I sucked in my breath in shock and jerked my head back. Sitting on the barrel of my thirty-aught-six rifle, completely undisturbed by the mini explosion that had just gone off under its feet, was a little gray dove. I gawked stupidly at it, and it cocked its small head slightly and stared right back at me, blinking. The bird then hopped down to the windowsill, looked me in the eye once more and flew away. I snapped back to the scene in front of me, as I heard shouted curses from the bandits below. I loaded a new round and looked down my sights to see Camo scrambling to find cover and Goggles crouched low over the girl, blindly taking shots at the building. I wasn’t concerned, it would have taken an act of God for him to randomly hit me from this distance, without knowing which window I was in.

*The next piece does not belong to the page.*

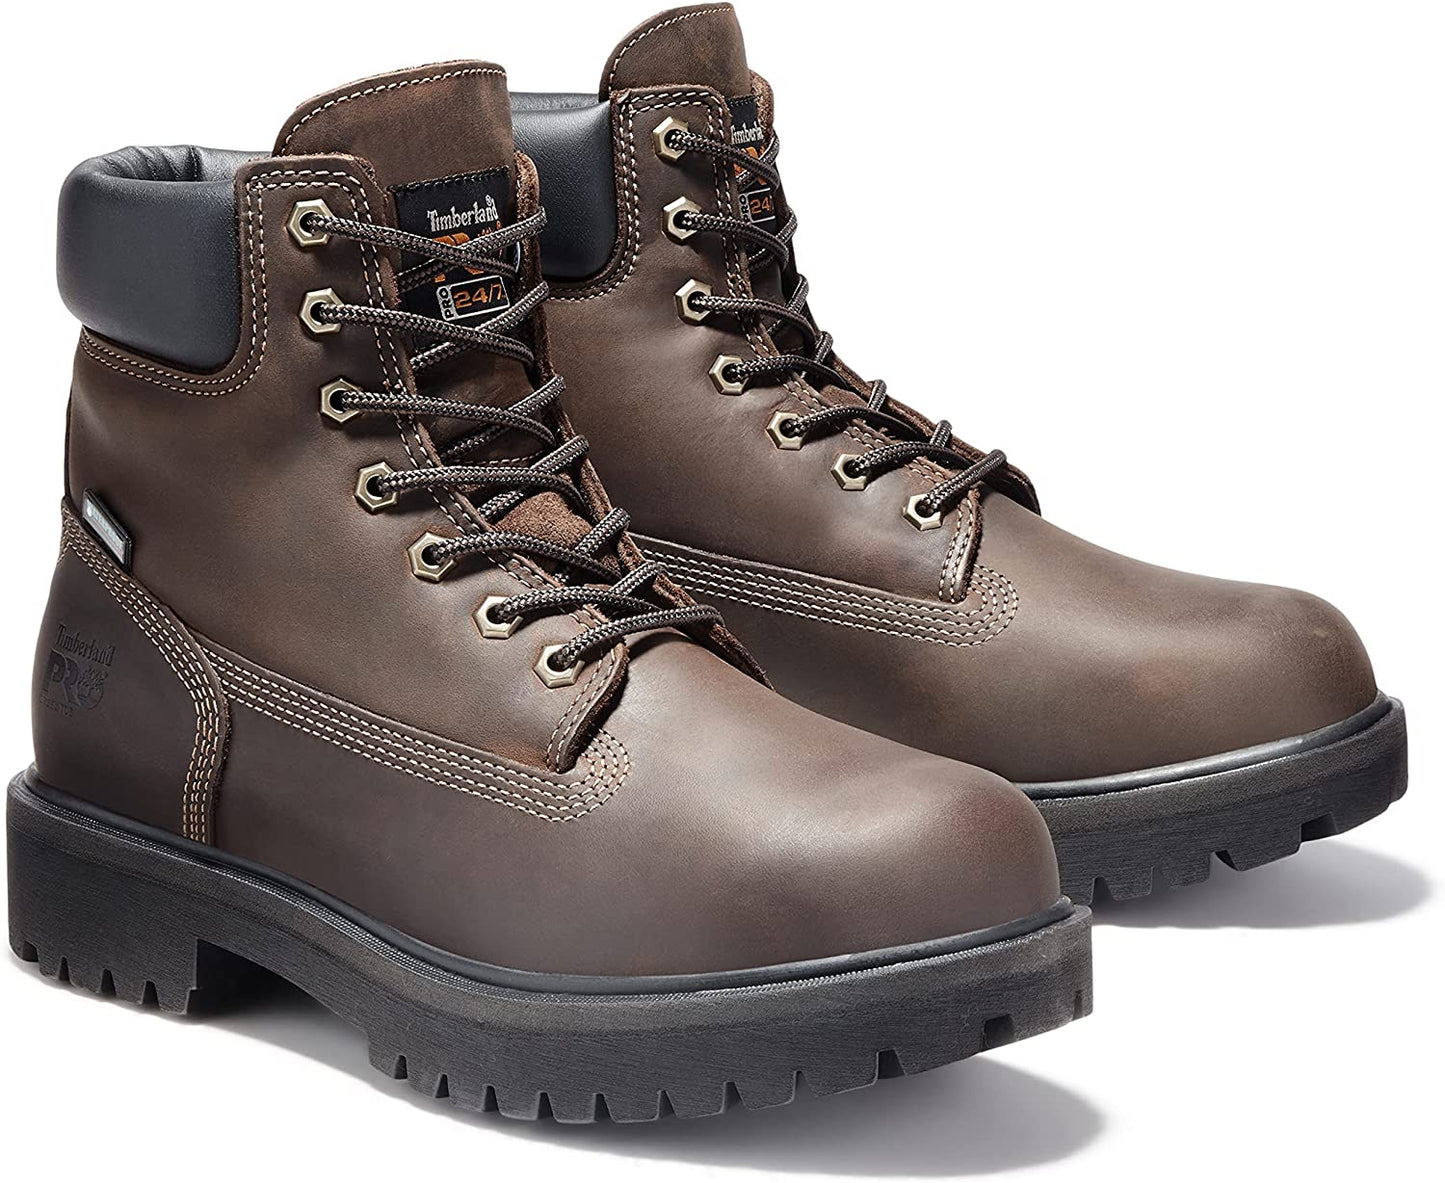 Timberland PRO Men's Direct Attach 6" Steel Safety Toe Waterproof Boot  Color Brown Size 11.5M

I think we had already gotten our dose of divine intervention for the day. I zeroed in on Goggles’ concealed face. Calm, Breathe, Squeeze. BANG. Clean through the left eye piece and I even managed to keep the brains off the girl. Instead they painted a gory abstract on the wall behind them. I swung over to the left to see what Camo would decide to do. He would have to bolt. If he went to the left he might have a chance to get out of my field of view. If he went right, there was lots of cover, but he would have to cross the road. I would down him before then. I smiled at the irony. “Go right.” Right he went, shooting wildly without even looking. Calm, Breathe, Squeeze. BANG. He crashed to the ground in a heap. I had hit him directly in the torso. No movement. The girl was up now, having untangled the ropes around her ankles. She moved like a rabbit, quickly snatching up the rations and one of the dropped pistols. She started to run off, but came timidly to a halt. She looked up in my direction and awkwardly snapped to attention and saluted toward her hidden savior. If only she knew 34


what I had almost done. I stood up, letting my rifle hang off my hip by its sling. I threw a casual salute back toward her, as she ran off in the other direction. I whispered to the air, “Good luck, kiddo. I don’t know about angels, but someone must be watching your back.” As I started to pack up my gear I mumbled to myself, “Now let’s hope someone is watching mine.”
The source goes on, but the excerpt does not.